The game has a rich story to explore; that happens in the dialogues’ cutscenes when you advance in the game. Your choices during these cutscenes influence mainly four things:
  • the mazes, which might be accessed, which might not, and what different handcrafted content they have;
  • the possible addition of new party members;
  • the overall personality of the main character, providing the basis for the end of the game, of which there are three;
  • the knowledge of the player about the answer to the question: what’s really going on?
Choices depend on each other; also earlier choices can influence the game much later than expected.

Then there are some random encounters, which might happen during travels.

There are no traditional side-quests: there is our protagonist, Setrani, a lowly clerk of the city of Pantella, and his wanderings in the desert, unwillingly chasing something hidden in the land, and chased by a lot of things and people who want usually to kill him, eat him, and sometimes, worse, use him.

We give you three examples of the above, without spoiling you anything:

You can stumble into a treasure hunt in the middle of the sands, provided you have the right item;
having a specific character in a specific situation and making it doing something odd in your place, opens up a chain of events with far reaching consequences; you might find that an very odd object that you acquired early on opens an unexpected optional path.

All of the dialogue cutscenes are accompanied by hand-drawn illustrations: there are about 80,000 words of dialogue, and more than 240 illustrations.


Exclusive new footage!

Michael Hoffmann :

Assuming there are some challenging battles in the game. What should the player consider in order to beat it? (e.g. correct weapons to exploit the type of armor, have spells ready etc.)

Florian: LUCK ;-)

Marco: The progress of the party in the game depends on the items you find and choose to take with you. Nearly all items have positive and negative values, too, that influence your characters’ state, so you have to choose wisely, because each item, beside the consumable ones (food, healing, reagents), occurs mostly only once per game. This means that it's less about having a powerful character and more about how you play it.

Luca Giudice:

Will it be, despite having outdoors, a pure first person crawler (Like Ishar) or will it have some 2D elements (Like Amberstar)?

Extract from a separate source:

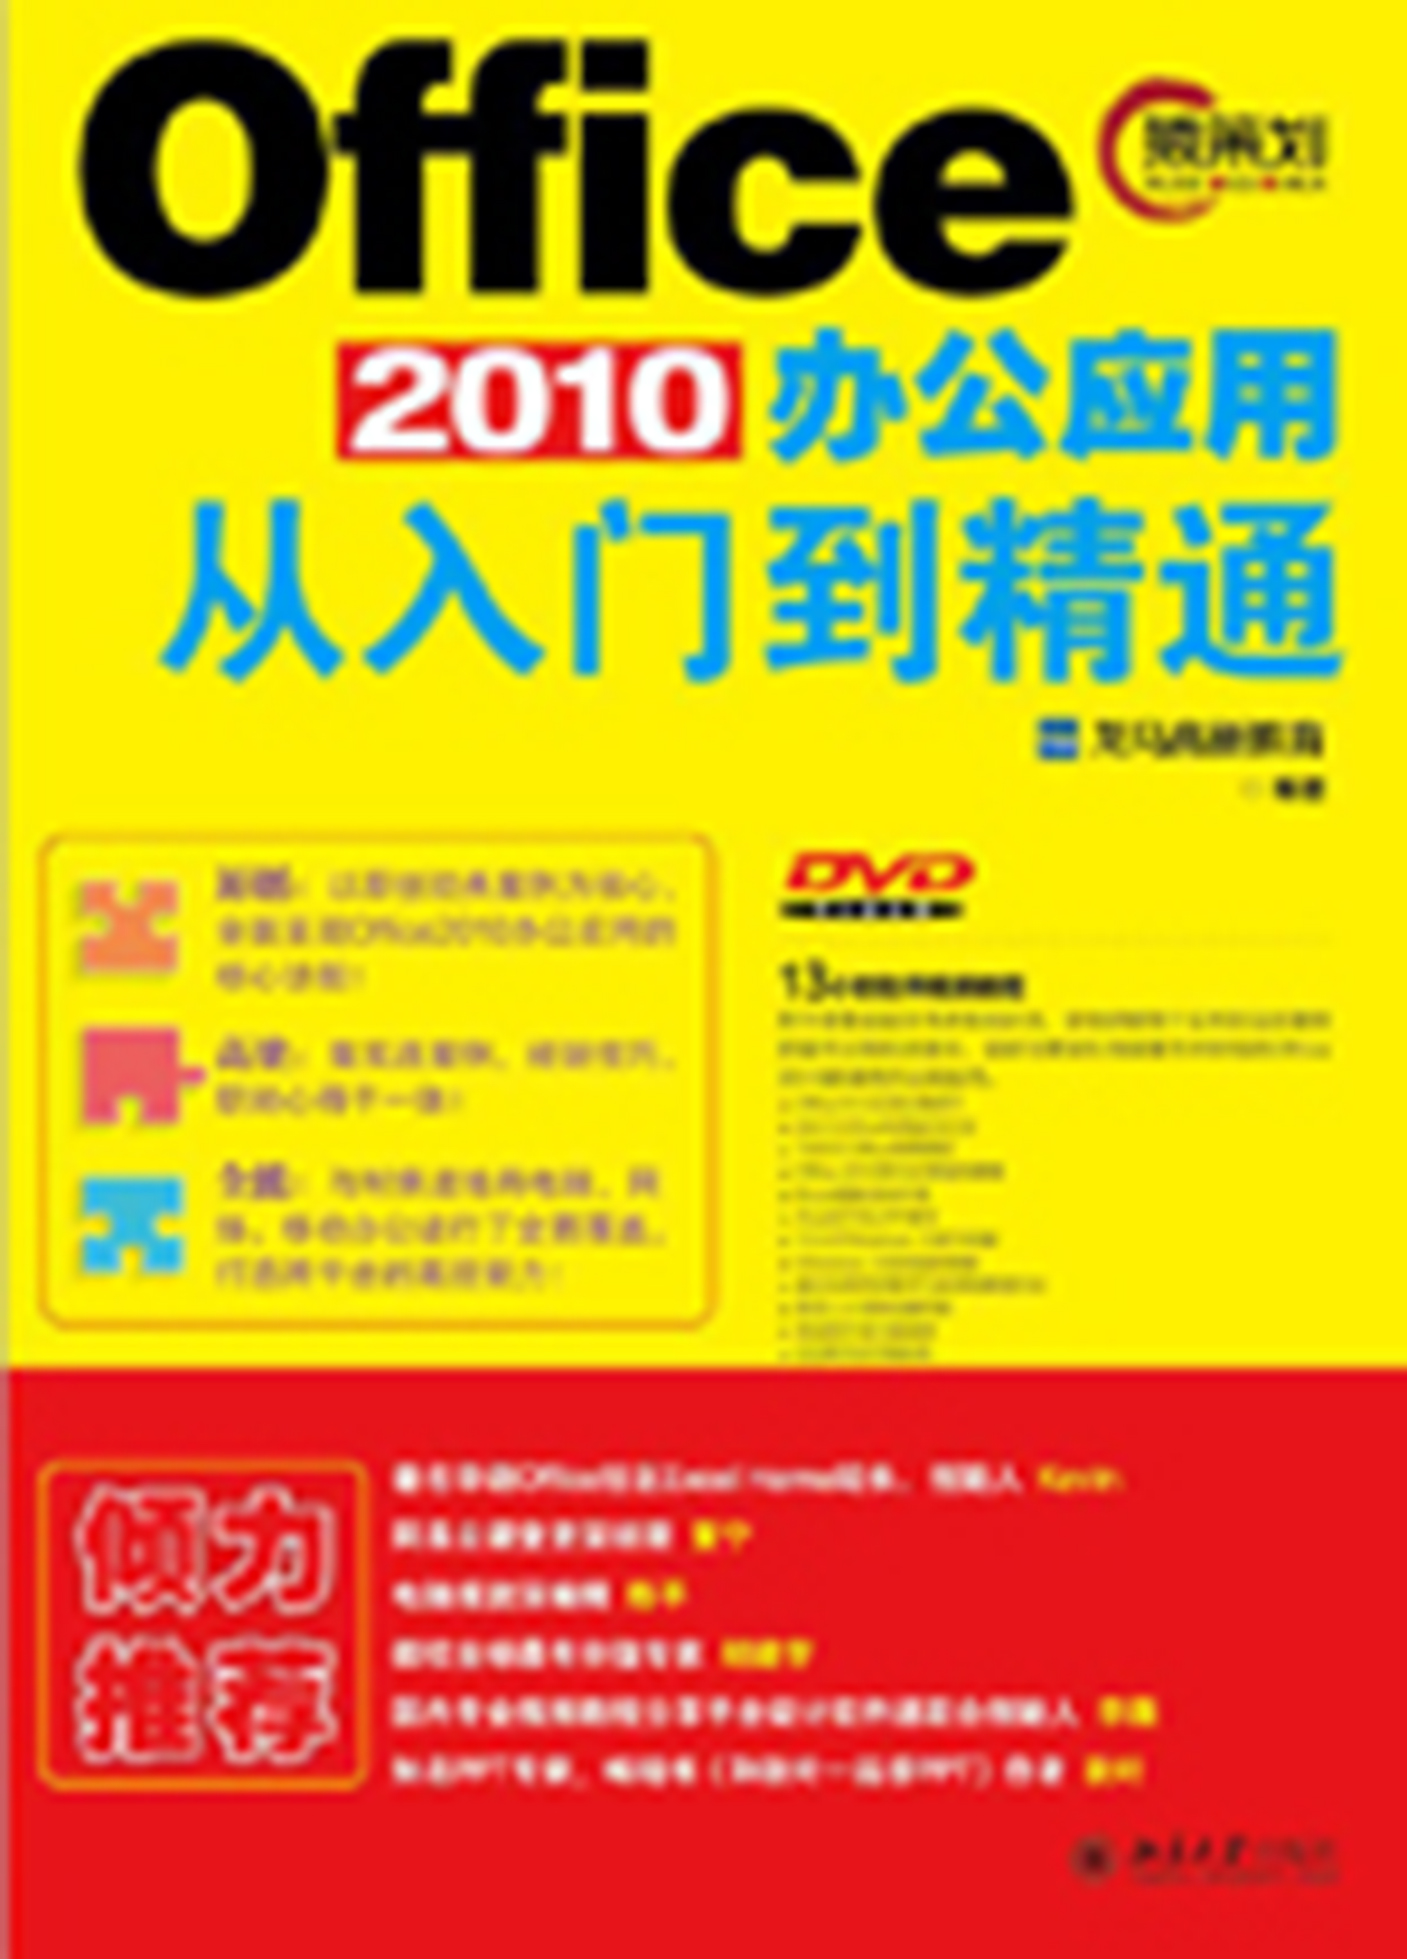 Office 2010辦公套用從入門到精通(北京大學出版社出版圖書)
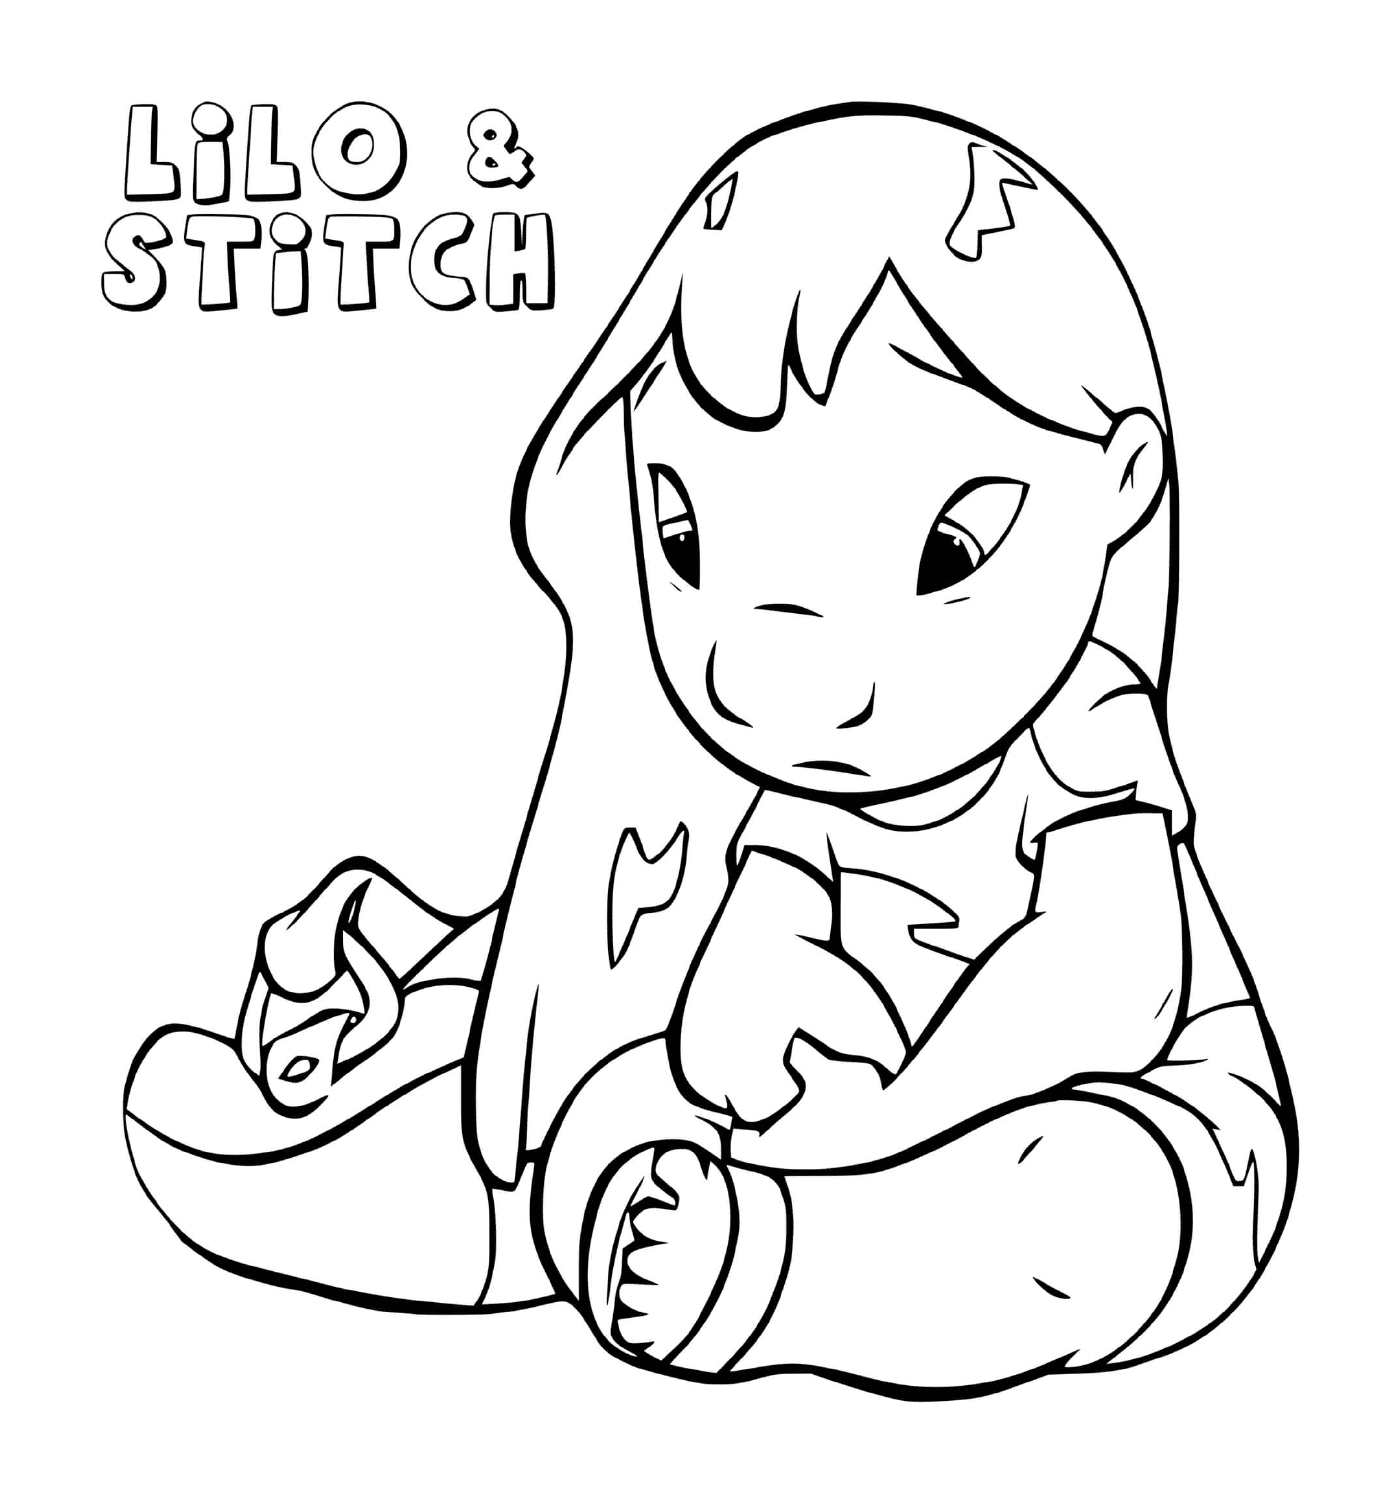   Lilo s'ennuie sans Stitch

Aeon of Sands has first person for exploration and combat, and it has top-down view when travelling on the world map. Plus of course the hundreds of illustrated dialogues.

Luca Giudice:

How advanced will RPG interaction elements with NPCs be?

Dialogues dynamically change depending on items owned, earlier choices and companions in the party. Companions might interact in further dialogues and open or close specific paths; during exploration and combat, however, you have full control over them.

Luca Giudice:

- Will the party be dynamic (Like EoB or Amberstar where you could recruit new members during the adventure) or will it be fixed (Like Dungeon Master)?

Dynamic: You start with the protagonist only, Setrani, and you might meet and add companions to the party, or choose not to; but you don’t ever go into a tavern and recruit them: they are embedded in the story. If a companion dies in the course of the adventure, it is lost forever (until the next new game), but you can continue to play and also finish the game. But it might be even harder. If you lose Setrani, the game ends.

Luca Giudice:

Suggested Hardware specs to run the game?

Minimum:
Intel® Core™ i3 or higher
Graphic card supporting OpenGL 2.1+/GLSL 1.40+, 1 GB VRAM
Windows 7+/newest Linux/updated MacOSX
4 GB RAM and 500 MB Harddisk

Rodion Pulsar:

Will we have to manage food and water, and if so, will being in the desert impact the need for water ?

We decided early on not to have hunger and thirst micro-management; you still have to manage the consumable resources you find, that can help you recover HP and Stamina and recover from mana saturation.

Rodion Pulsar:

Will this also impact items? (thinking about desert armors from Dune, recycling body's fluids)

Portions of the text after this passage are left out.